“Probably has Irish blood,” thought Mary, sorting out her impressions of him.

“Take the car around—no; what am I thinking of? Of course Mrs. Garden must see it. She’s not down yet, Mary?” asked Win.

“MARY, THIS IS WILFRID WILLOUGHBY, WHO DRIVES SPLENDIDLY AND IS GOING TO LOOK AFTER US THIS SUMMER.”

“No, but I’m sure she’ll not be long. I’ll tell her you’ve come. I’m so glad you’re back, you three! I wonder what I should do if I had to be separated from you long? Florimel, what is in that basket?” Mary stopped and looked reproachfully at Florimel, for the basket unmistakably wriggled in a most unnatural way.

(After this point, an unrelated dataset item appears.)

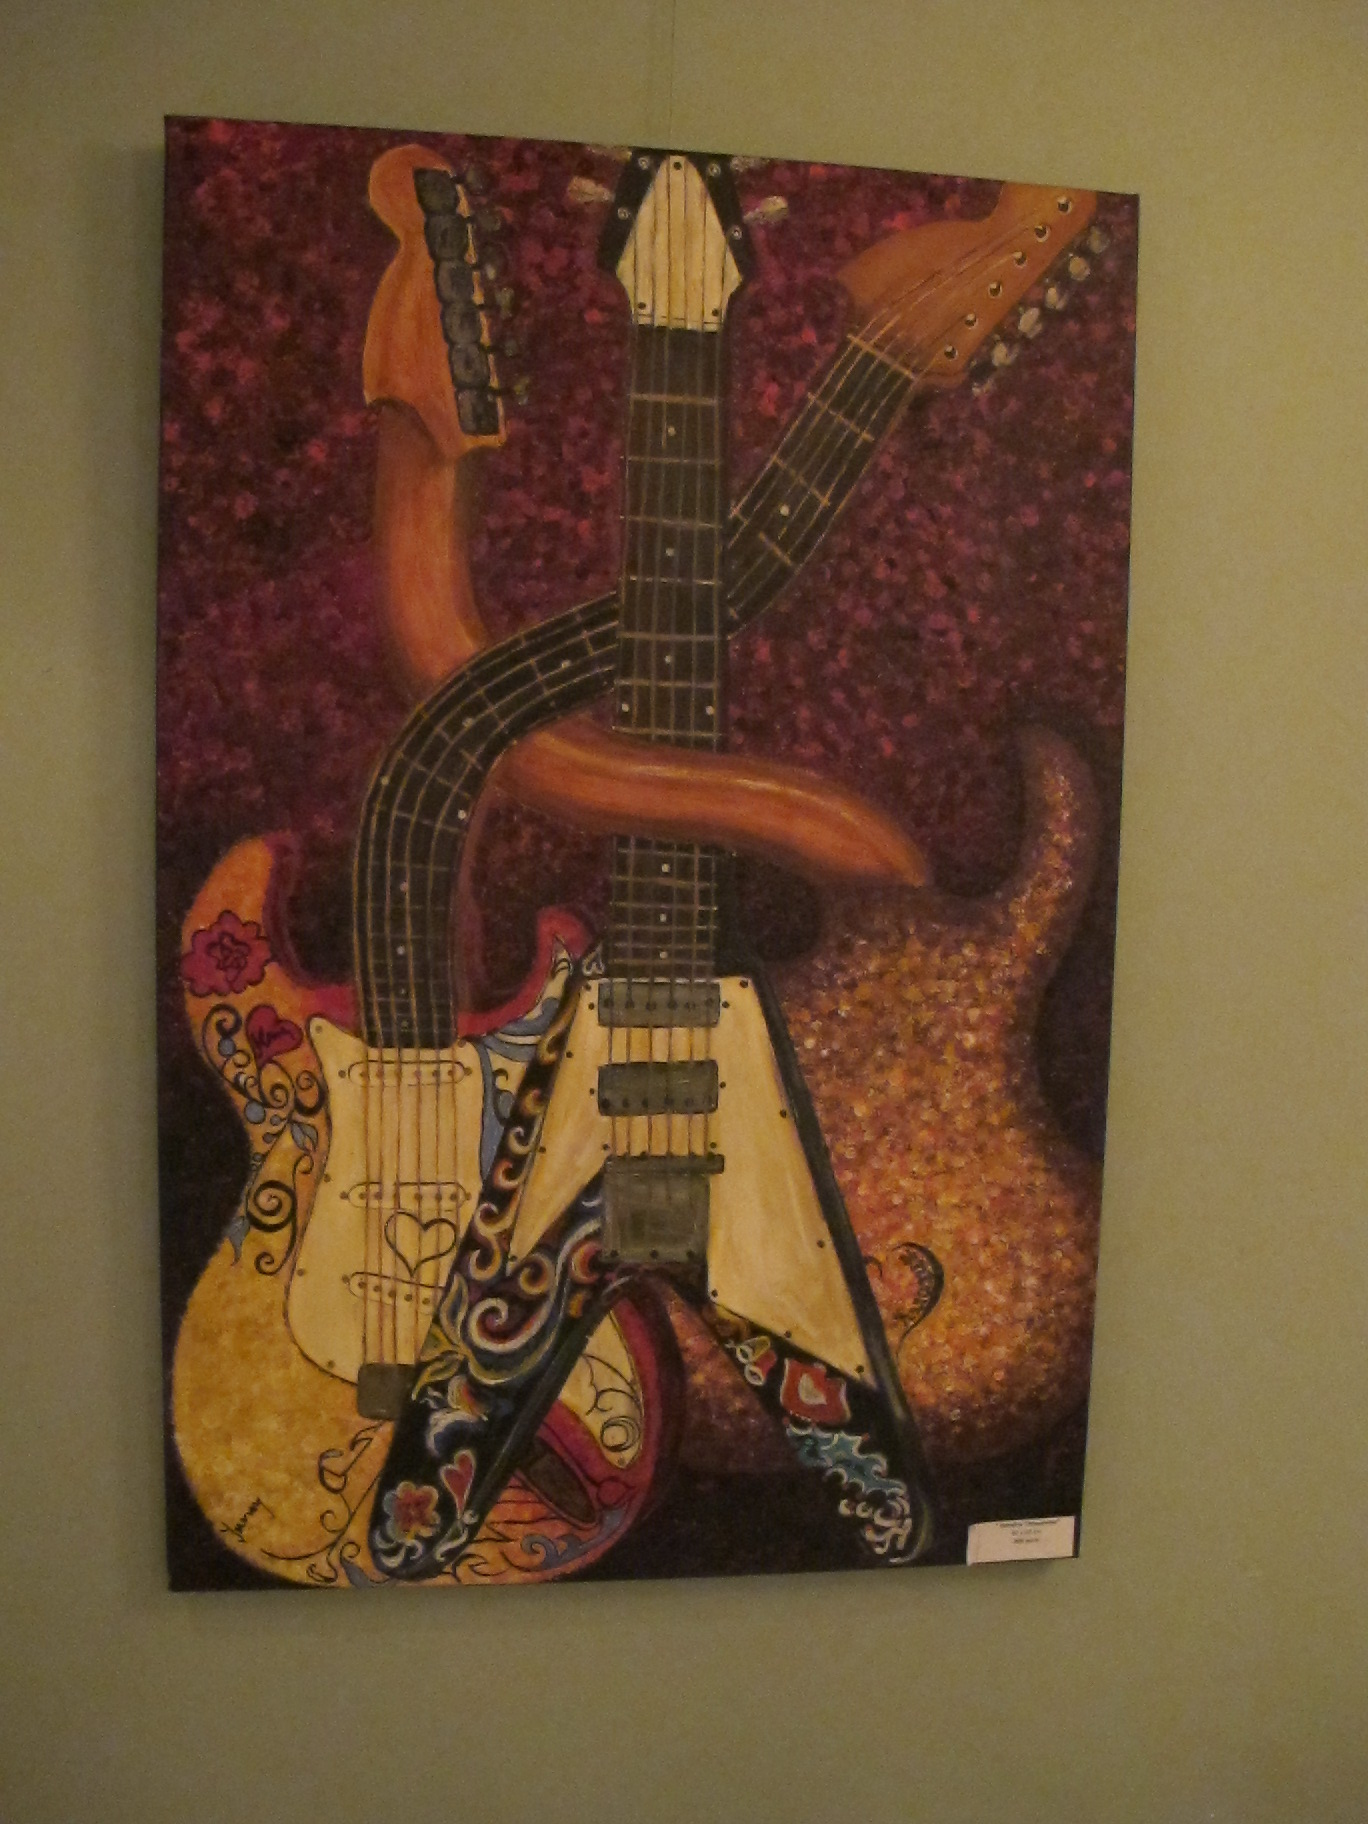 Hendrix Threesome, 90 x 60 cm, 200 euro, Artist Orly Yanay
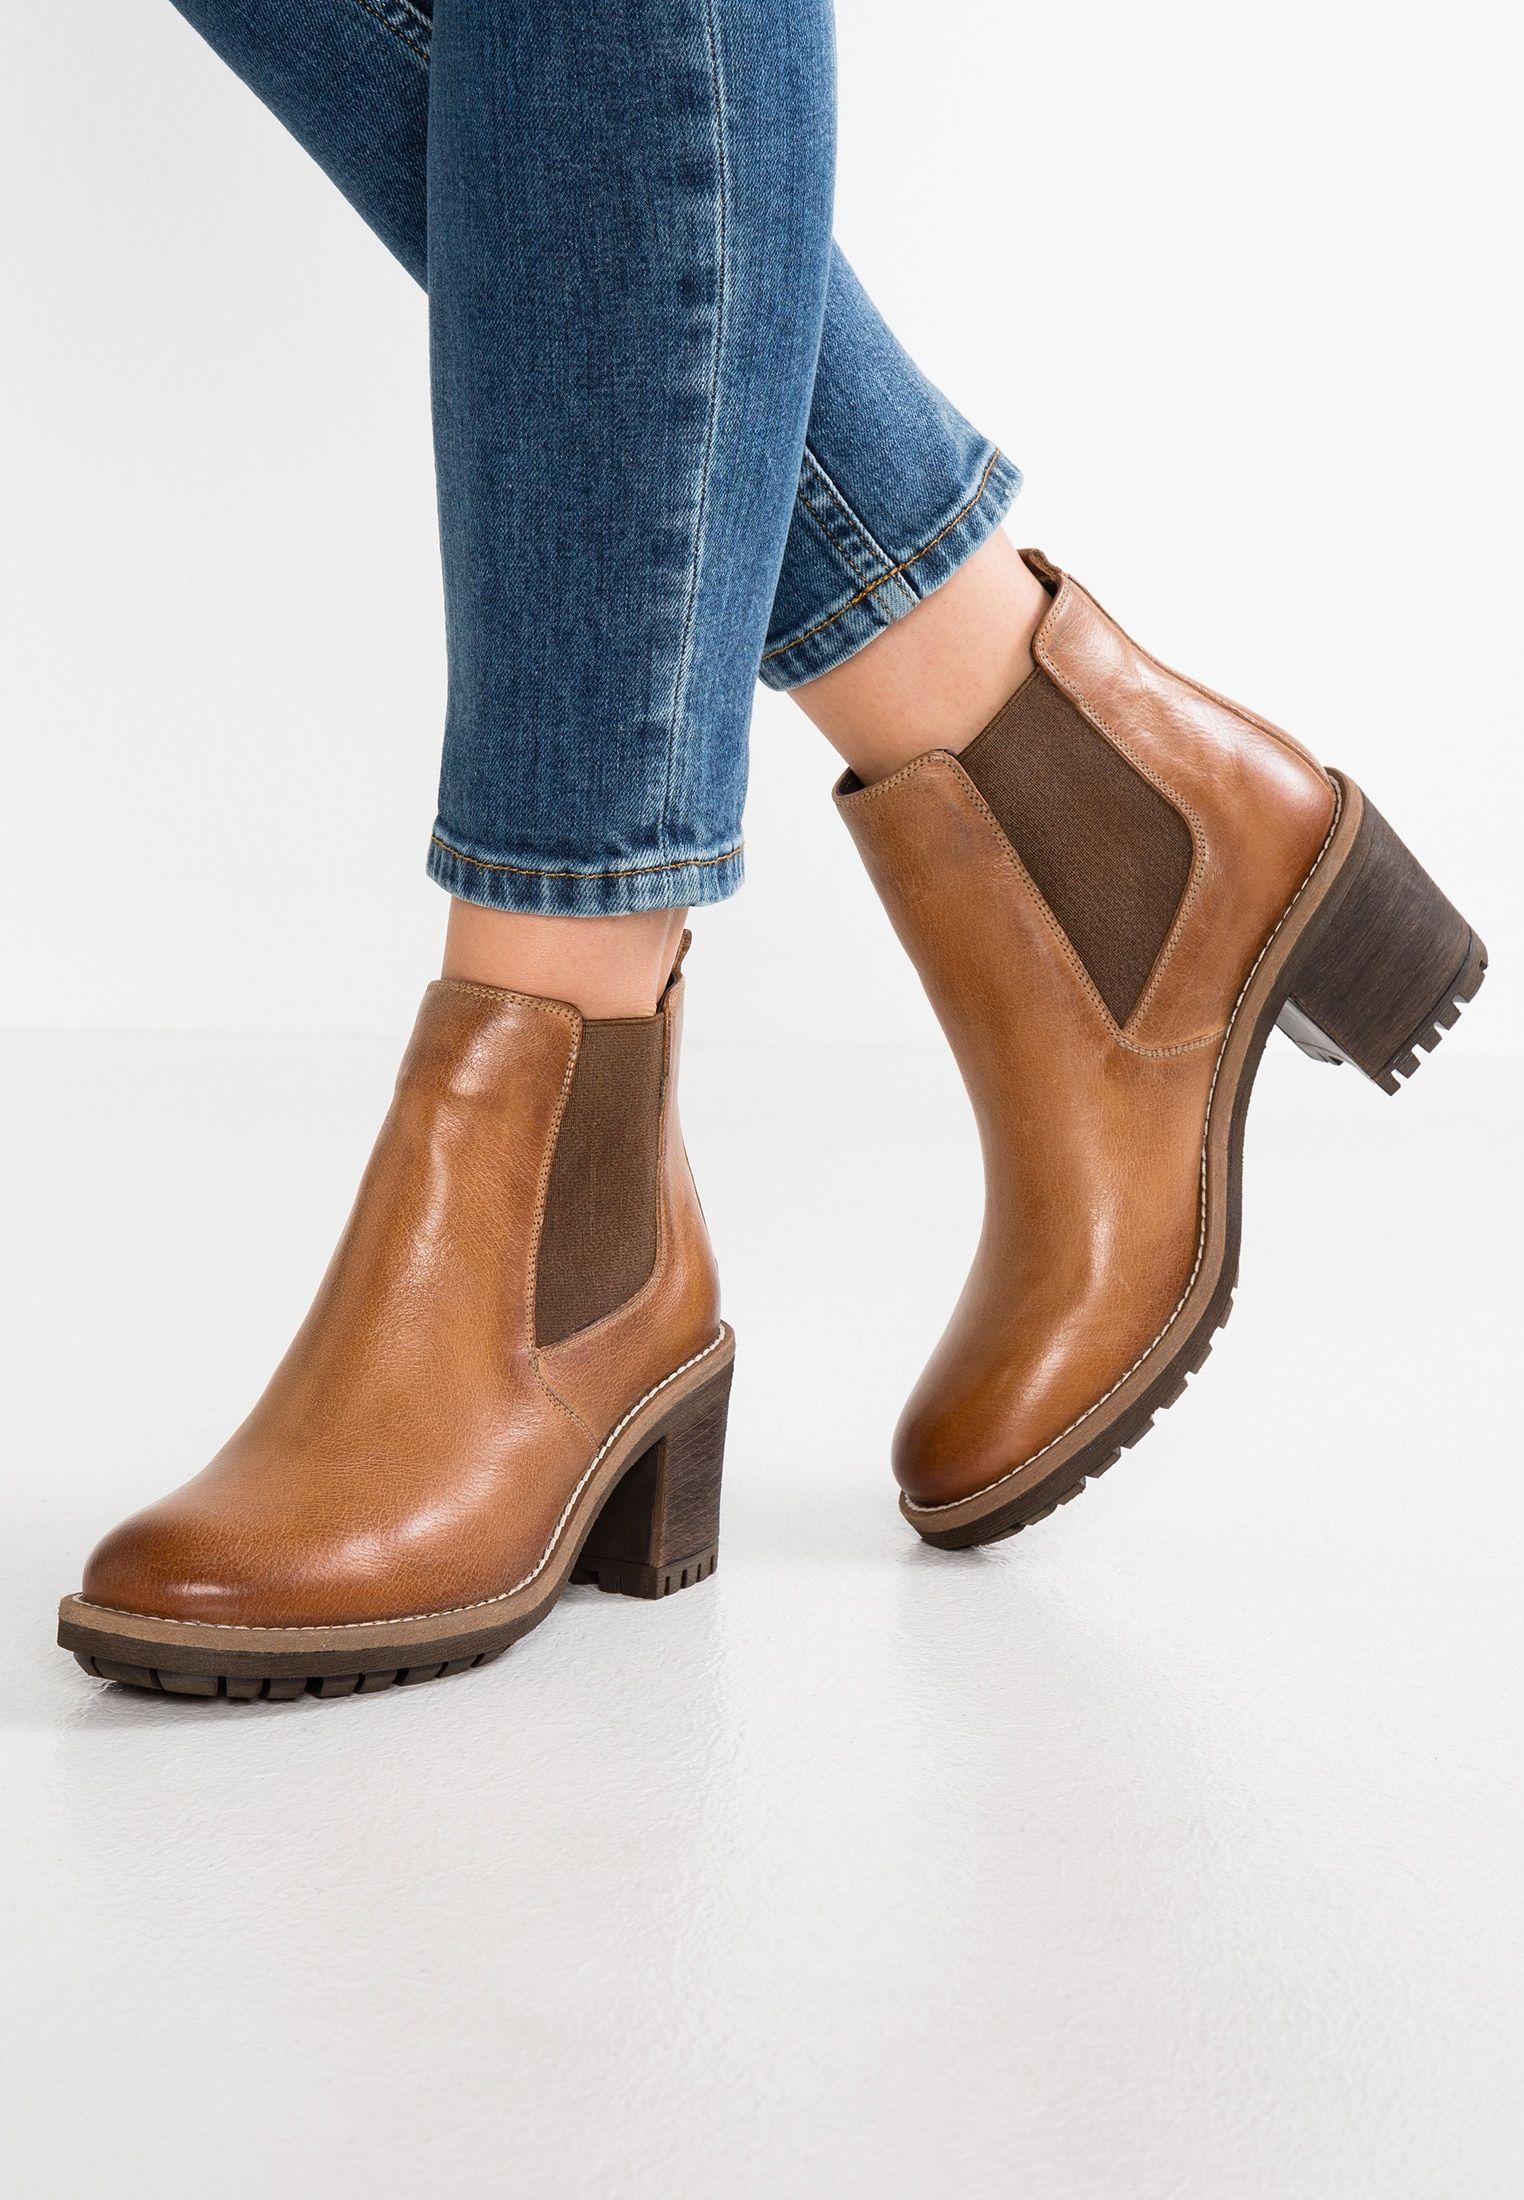 Boots Boots à à cognacWinter 18PinterestWinter talons N0w8mn

“It was lost, Mary!” cried Florimel. “It rubbed up against us in the street. Jane said we mustn’t let it rub, or its bones would prick right through, it is so thin. But it will be beautiful when it’s fed and petted a little while. It was so grateful! Win went into a restaurant and bought one of those terrible thick saucers, like a scooped-out cobblestone, and some warm milk, and fed it right in a convenient to-let doorway, in the street. And it was so hungry it shook so it could hardly eat, and so grateful when it had taken it all up! We stood around it, of course, keeping off frights from it. Jane said if we left it, we’d be worse than the cruel uncles of the Babes in the Wood, for there wasn’t the ghost of a chance for it, not even of robins covering it, if it died in the street! And we all said one more in Vineclad, and this big place, would never be noticed, so we bought this basket and we took it back to the hotel and smuggled it in, and Win bribed the chambermaid to help us, and she did, and it has ridden up here as contented as we were! Even when Willoughby let the car out, to show what it could do, it never minded a speck! So I knew you’d be glad we came along and saved one starving thing! If everybody saved just one, there wouldn’t be one left to suffer! Isn’t that a hard thing to know, when they won’t do it?”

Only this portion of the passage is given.